The college invited 130 Hispanic and Marshallese students to its Learning, Improvement, Fun and Empowerment, or LIFE program this week to see what it's like to set foot on campus

"We get an opportunity to show them the ropes a little bit," says Codie Ryan, the NWACC's Global Communities Outreach Coordinator. "It breaks down the fear, so that they don't have to worry about what will it be like, that first day wen i have to go to college."

Most of the students in the program are the first in their families to be considering college, and Ryan wants to help them to stay in school.

"The high schools have prepared them I'm sure to a certain degree, but it's also helpful to have the experience of actually being on campus," she says.

Tania Rodriguez just graduated from Heritage High School, and in the Fall she starts her first semester of college, an experience her parents never knew.

"I'm doing something that they've always dreamed of doing," she says. "They're from El Salvador and over there it was quite hard to go to college, so I'm the first generation to actually accomplish that."

Community leaders spread a message of empowerment during breakout sessions on leadership, teamwork, goal setting, community involvement and overcoming obstacles."

Juan Miller is in the eleventh grade at Bentonville High School.

"My mom, we came here with nothing from mexico and she had to work really hard, tons of jobs, just to get where we are now," he says. "She's always told me 'Juan, get a good education so you don't have to work as hard as me.'"

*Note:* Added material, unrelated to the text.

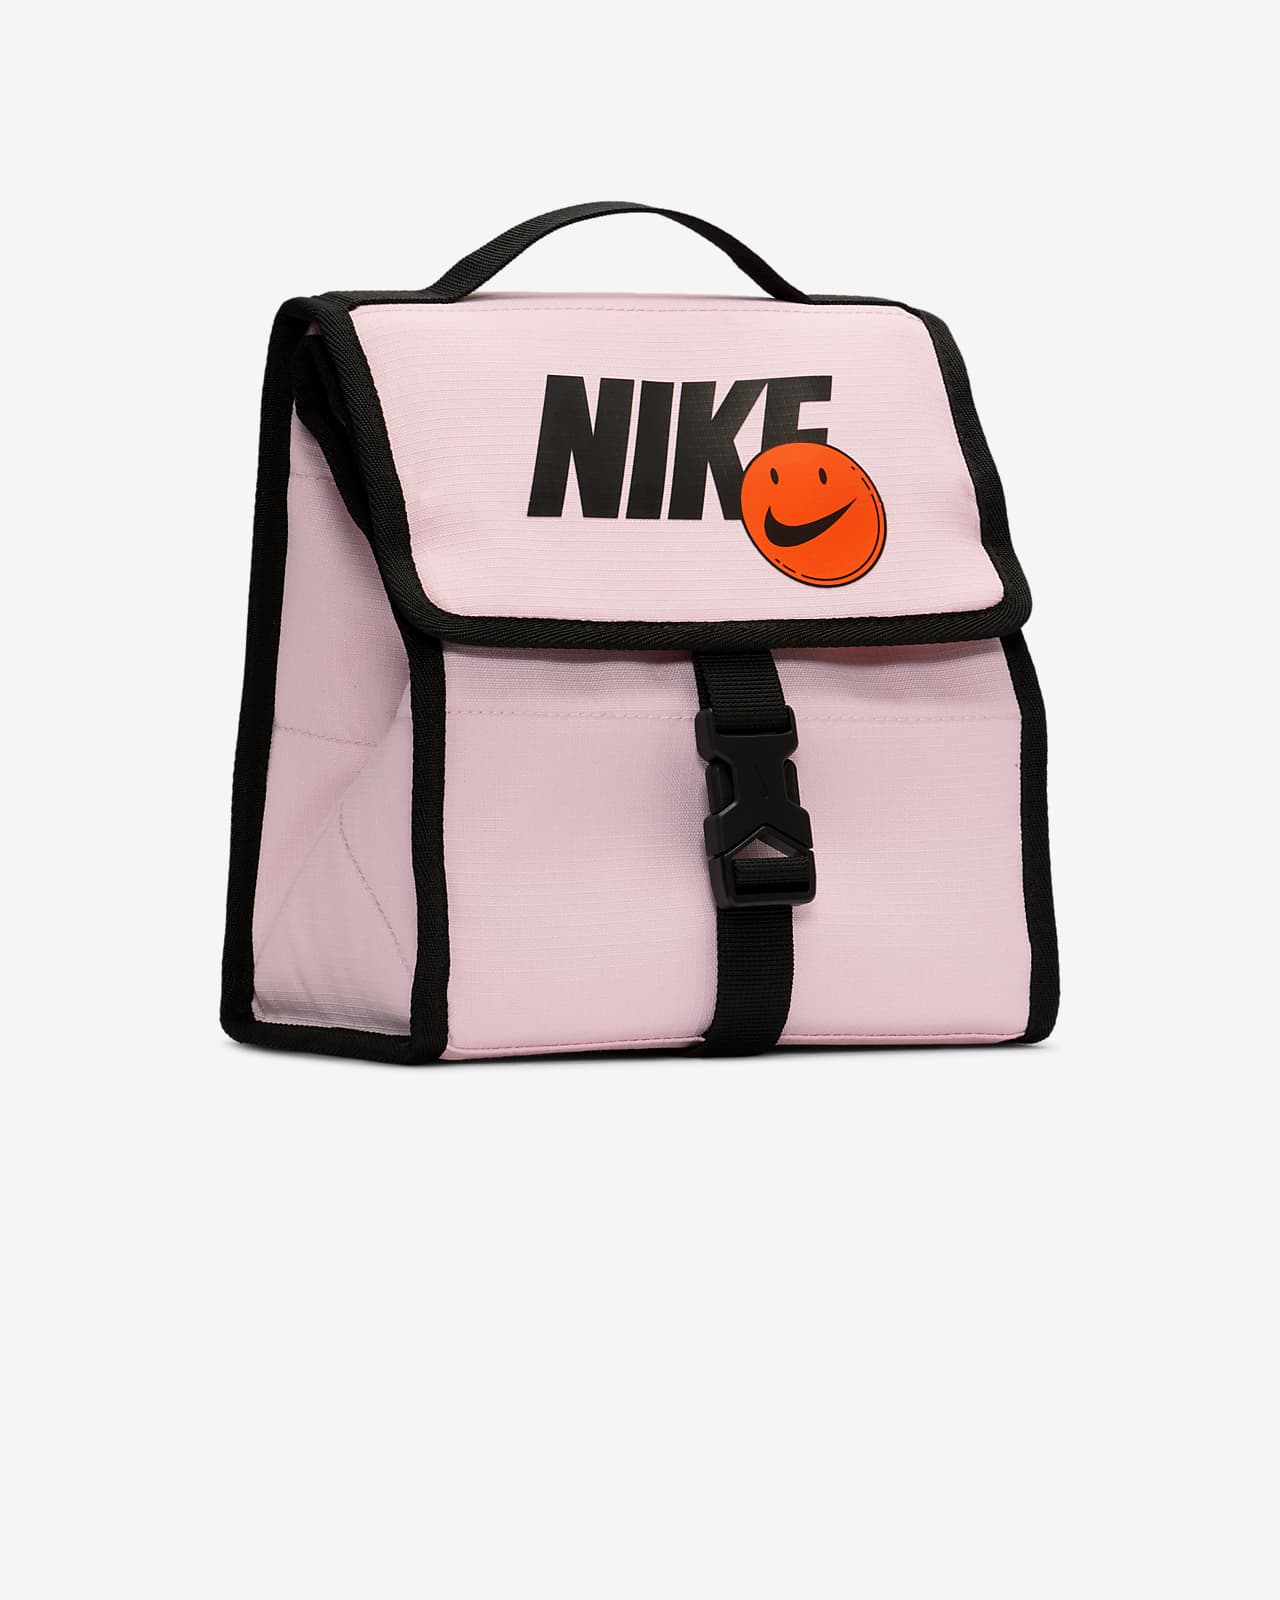 Nike Lunch Duffel Bag

Miller says he didn't know how, or if he would pursue secondary education, until he visited the school Thursday.

 "I've been really nervous about going to college, since my mom and my dad never went," he says. "But this really has helped me assure myself that I really should go to college and have a better future." 

The program continues Friday, focusing more on what happens after students get into college, topics like finding financial aid and student involvement on campus.